The following story is from Nashville News Channel 4 WSMV. http://www.wsmv.com/news/26725957/detail.html and Nashville News Channel 5 http://www.newschannel5.com/story/13942016/middle-tennessee-radon-levels
By Ben Hall
It’s called the silent killer. Radon is a radioactive gas that reaches dangerous levels in many Tennessee homes. But incredibly many people never test for it. The family of former Sumner County Sheriff Bob Barker wishes they had tested for radon earlier, and now they are urging everyone to buy a simple test kit and test their homes. Bob Barker spent his life in law enforcement. “He loved his job,” Connie Barker said as she reviewed family photo albums. “That’s his uniform at the Hendersonville Police Department.” Barker remembers when her husband became Sumner County Sheriff in 2006. When the last of their six children left home, they started traveling. “This is Bob in Greece,” she said pointing out a picture. But everything changed last July when her husband complained about a stomach ache. Doctors discovered he had pancreatic cancer, and broke the news that he did not have long to live. “The doctor told us when we came back from the Sheriff’s Association that we had just a few weeks. We actually had four days. All we had was four days,” Connie Barker said, unable to hold back her tears. She buried her husband in August, and just a weeks later, Connie got sick. “I had no idea what was wrong with me. I kept telling everybody that something is just not right,” Barker said. Now Connie is taking chemotherapy to fight stage four cancer of the esophagus. She’s determined to fight the cancer, and she’s determined to find out what made her and husband so sick in their mid fifties.
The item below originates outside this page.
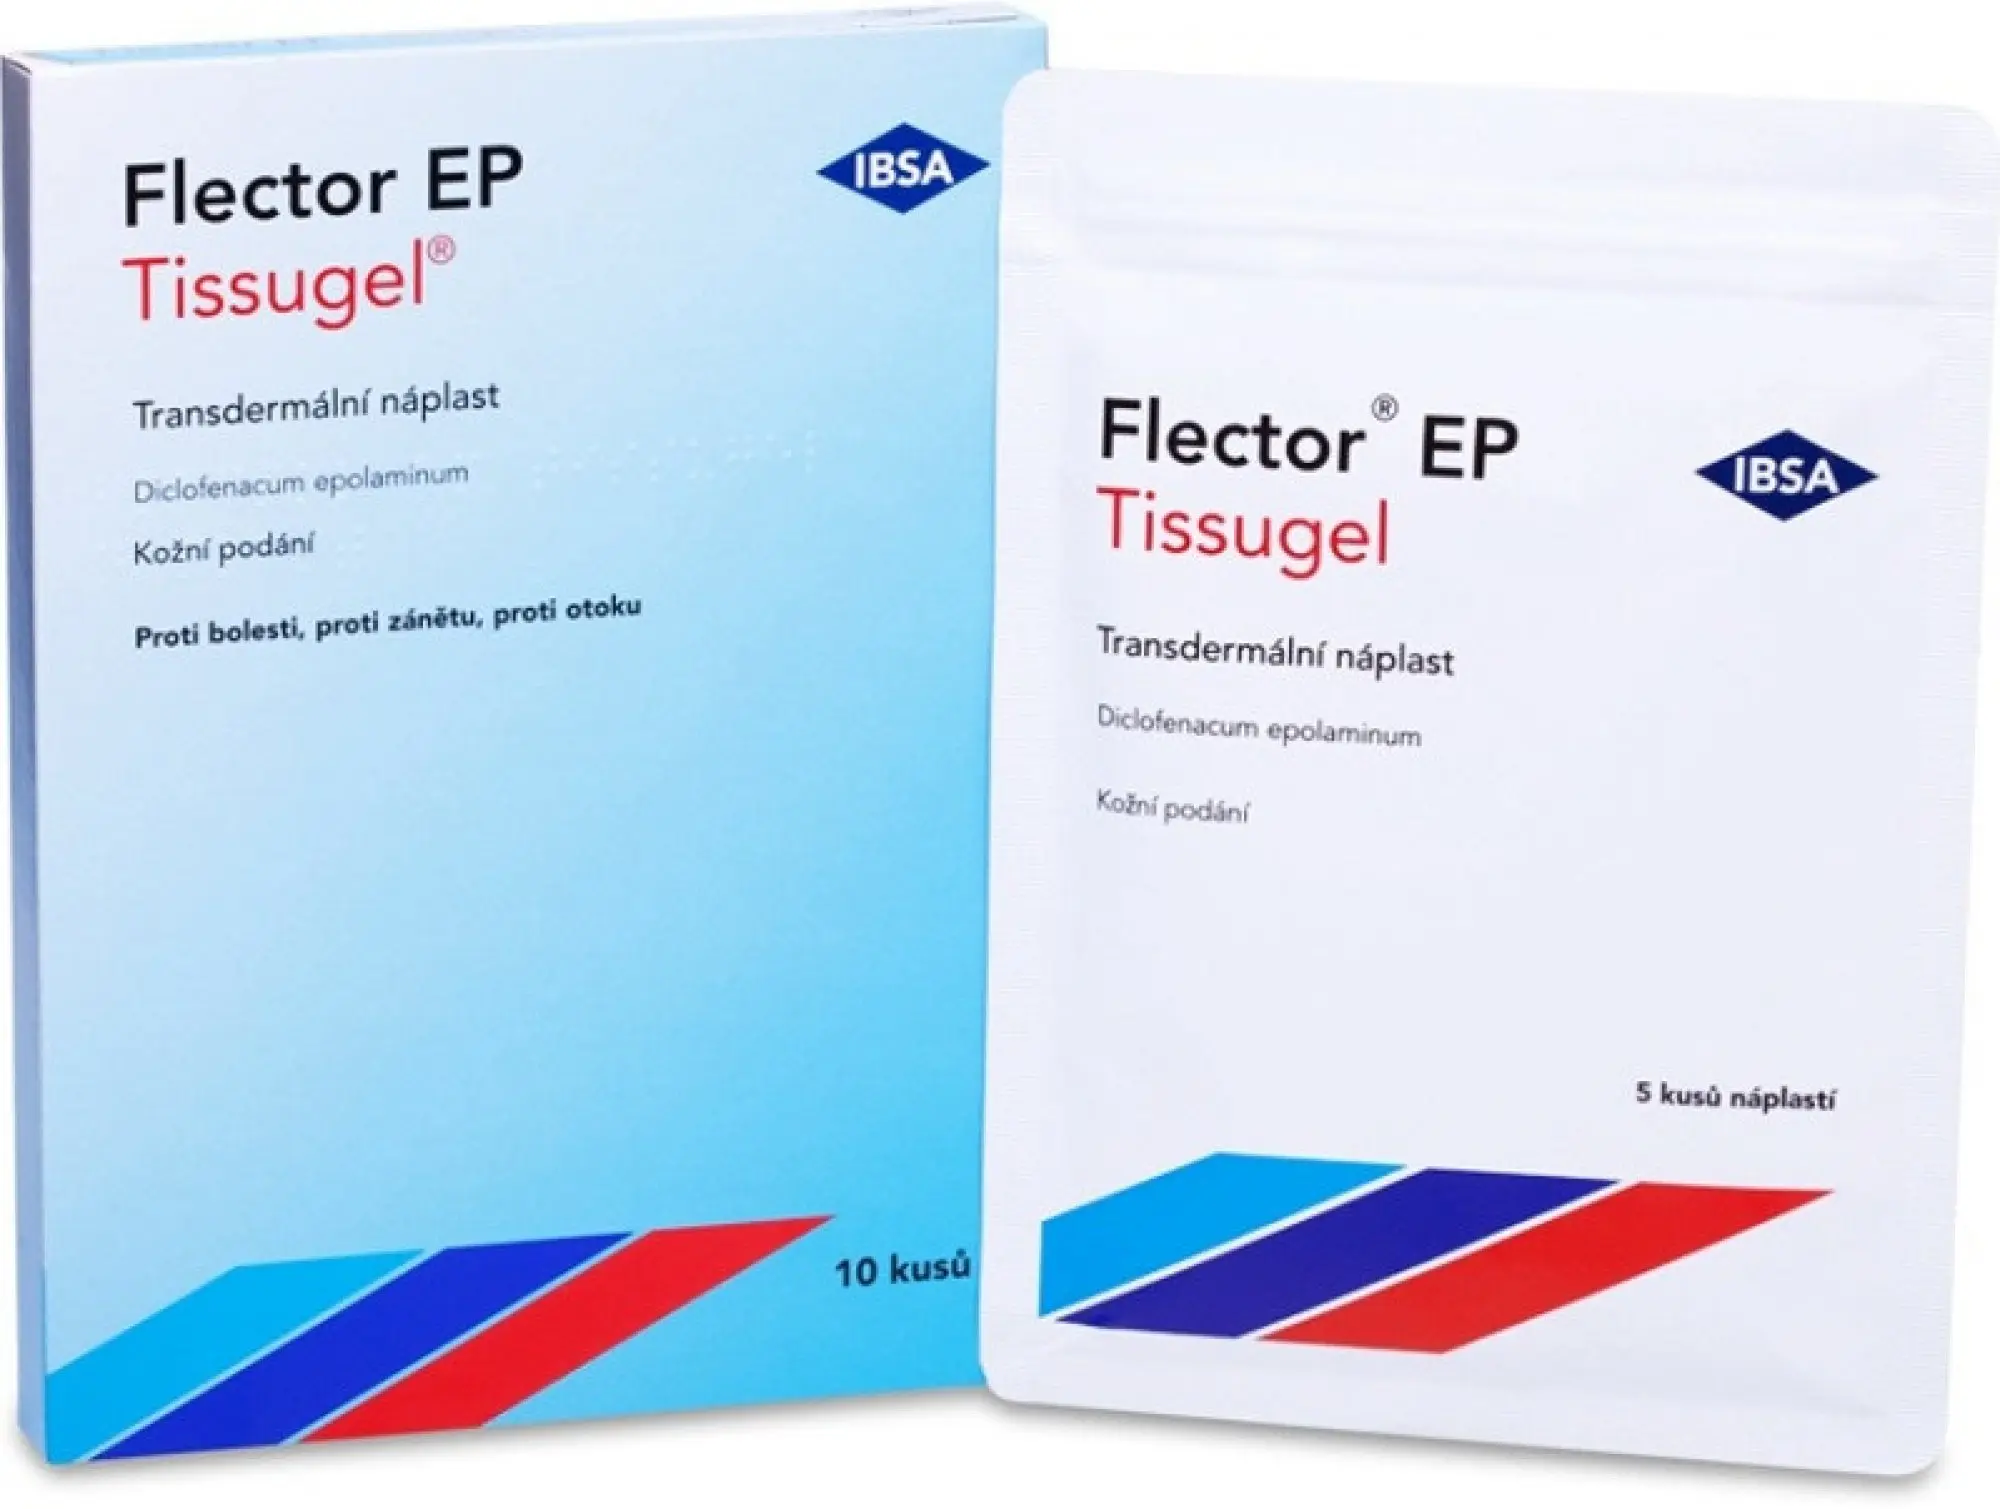 Flector EP Tissugel 180 mg.tdr.emp.10 ks

Family friend Tony Allers is a home builder who thought it was worth seeing if their home had high radon levels. He ran a basic test and couldn’t believe what he found. “I was shocked,” he said. Radon occurs naturally when rocks and soil decay. It’s everywhere. But when radon gets trapped in homes, long term exposure is dangerous. “This was three times higher than what is considered acceptable,” Allers said. Tests showed more than 12 picocuries of radon per liter of air (12 pCi/l). The EPA says any level over four — requires steps to lower the radon. Vanderbilt Doctor Joe Putnam says radon is a big problem in Tennessee and a major cause of lung cancer. A map from the EPA shows high risk areas for radon based on the types of rock and soil. Many middle Tennessee counties including Davidson County are in Zone 1, which means the EPA expects many homes to test above the action level. Lung cancer is the only cancer in which studies prove a direct link to radon. The Barkers had other types of cancers, but doctors cannot rule out that radon played a role. “We know that patients who have radon exposure can develop other cancers but the cause and effect is not known,” Dr. Joe Putnam said. Tony Allers immediately started trying get the radon levels down by putting a thick plastic cover over the soil beneath the Barker’s home. “We’re trying to keep what’s coming through the ground from getting up into the houses,” Allers said. But new tests continue to show high levels of radon, so they may need a ventilation system. “My grandchildren still come to this house and play, and I want it to be safe for them,” Connie Barker said. No one can say for sure what caused the Barkers cancers, but Connie Barker believes radon played a role. She hopes this story inspires people to get a simple radon test kit.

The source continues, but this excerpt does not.